* [Input records]
· · ·

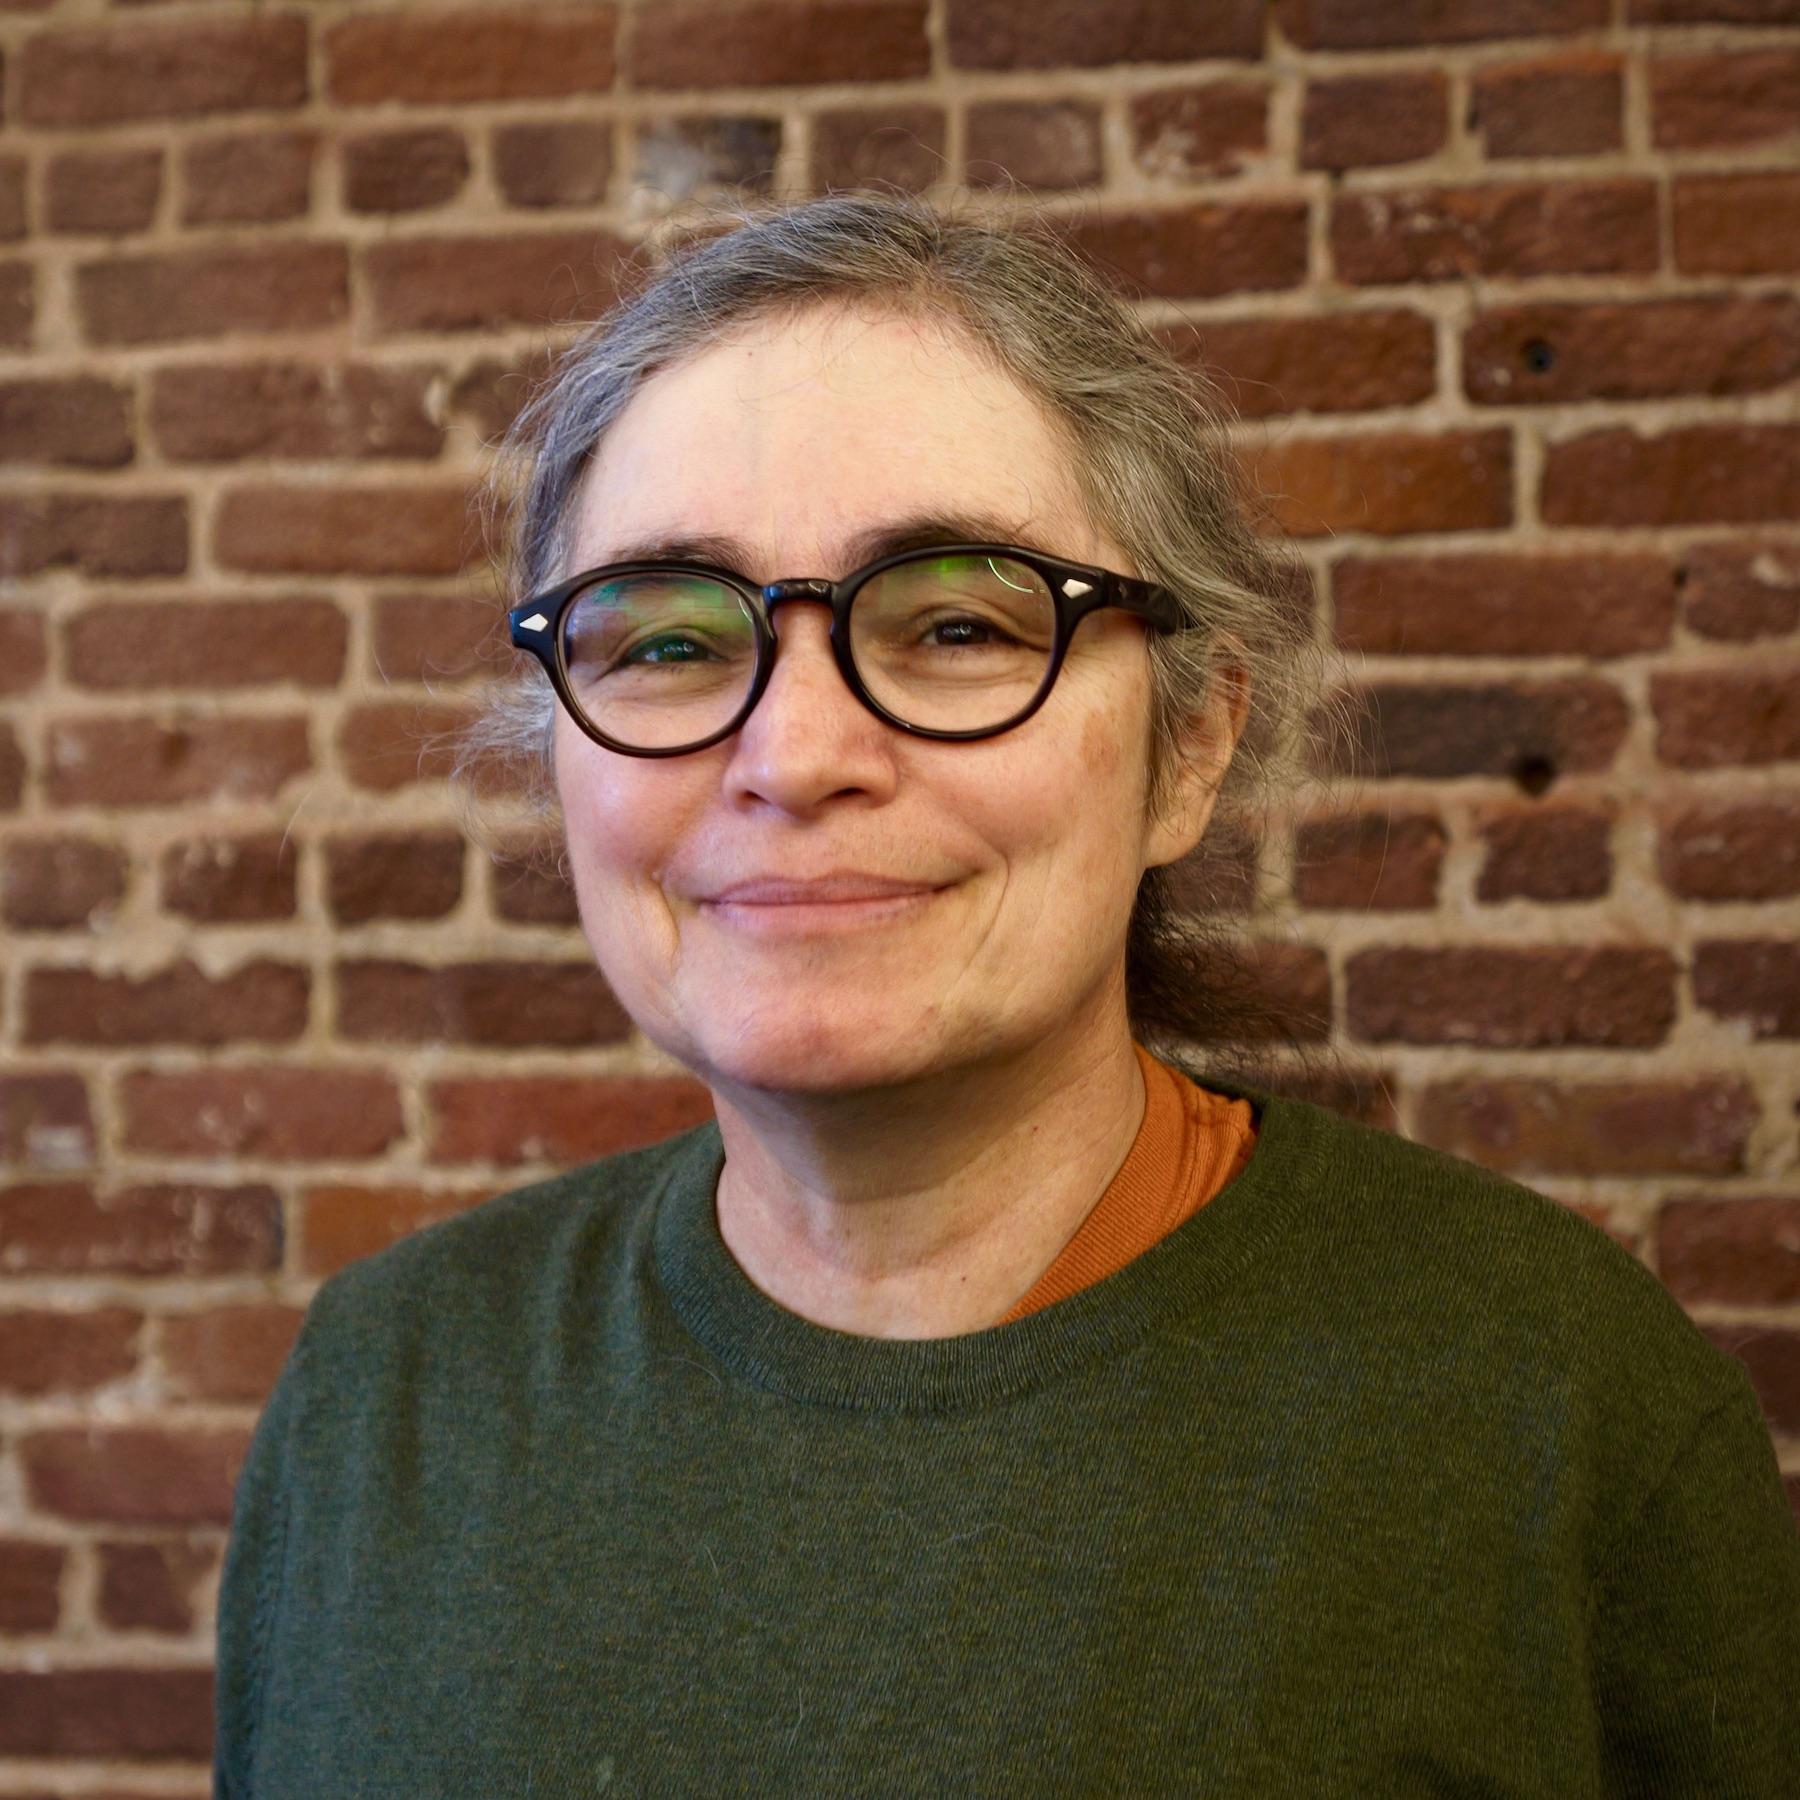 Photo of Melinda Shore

· · ·

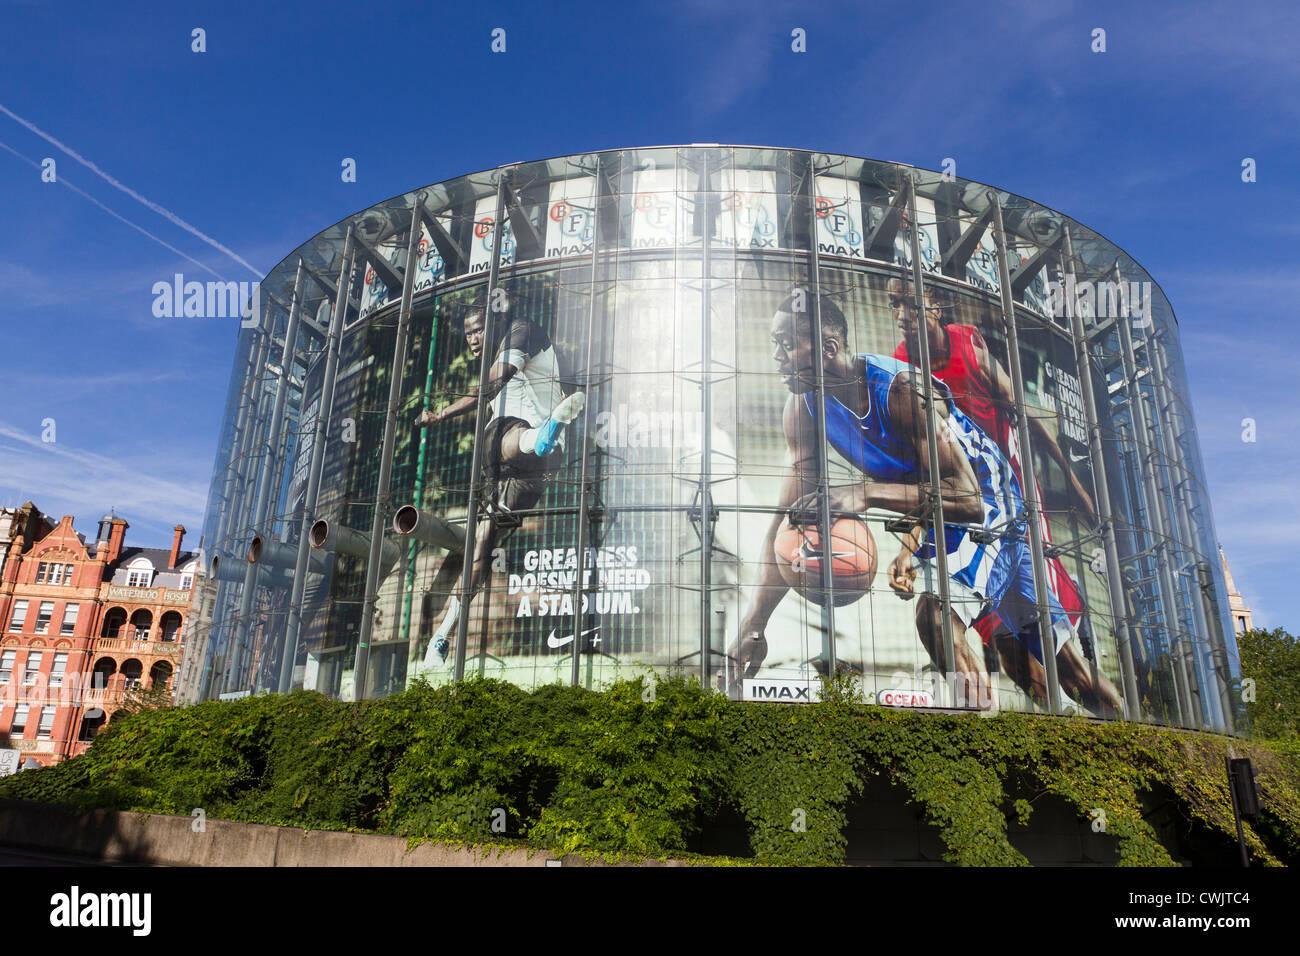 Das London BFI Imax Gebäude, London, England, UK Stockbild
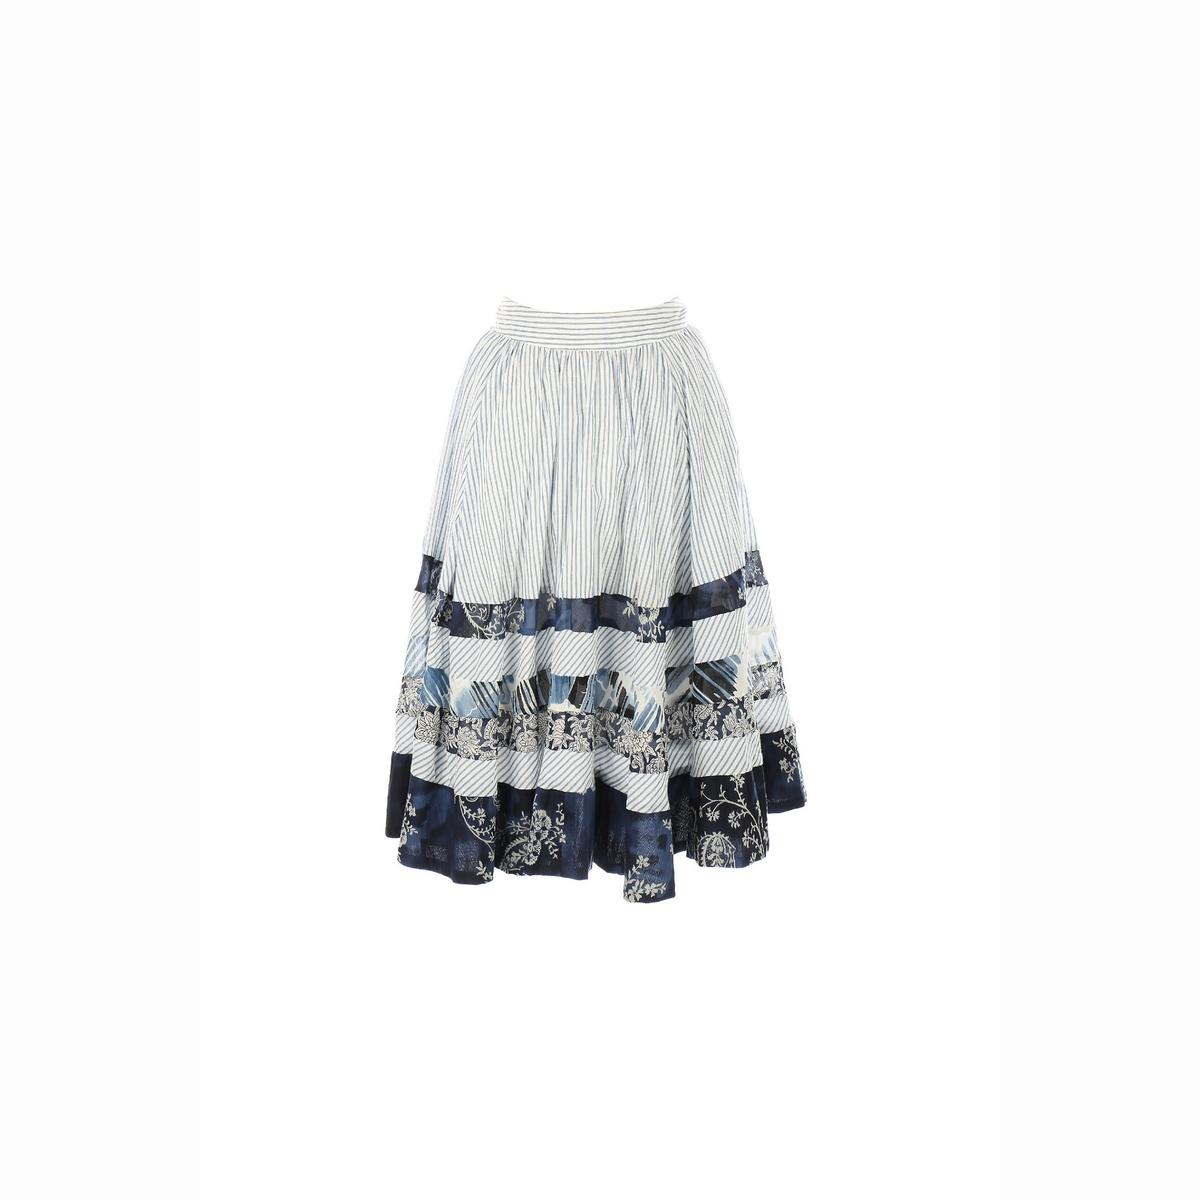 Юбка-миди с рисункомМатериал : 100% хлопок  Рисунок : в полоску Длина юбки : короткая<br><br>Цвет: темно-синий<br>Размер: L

· · ·

* [Description of the task] Would you restate, exactly and with no pictures, the lines of the entries above from the one containing "Das London BFI" through the one containing "Юбка-миди с рисункомМатериал"?

* [Expected output]
 Das London BFI Imax Gebäude, London, England, UK Stockbild
 Юбка-миди с рисункомМатериал : 100% хлопок  Рисунок : в полоску Длина юбки : короткая<br><br>Цвет: темно-синий<br>Размер: L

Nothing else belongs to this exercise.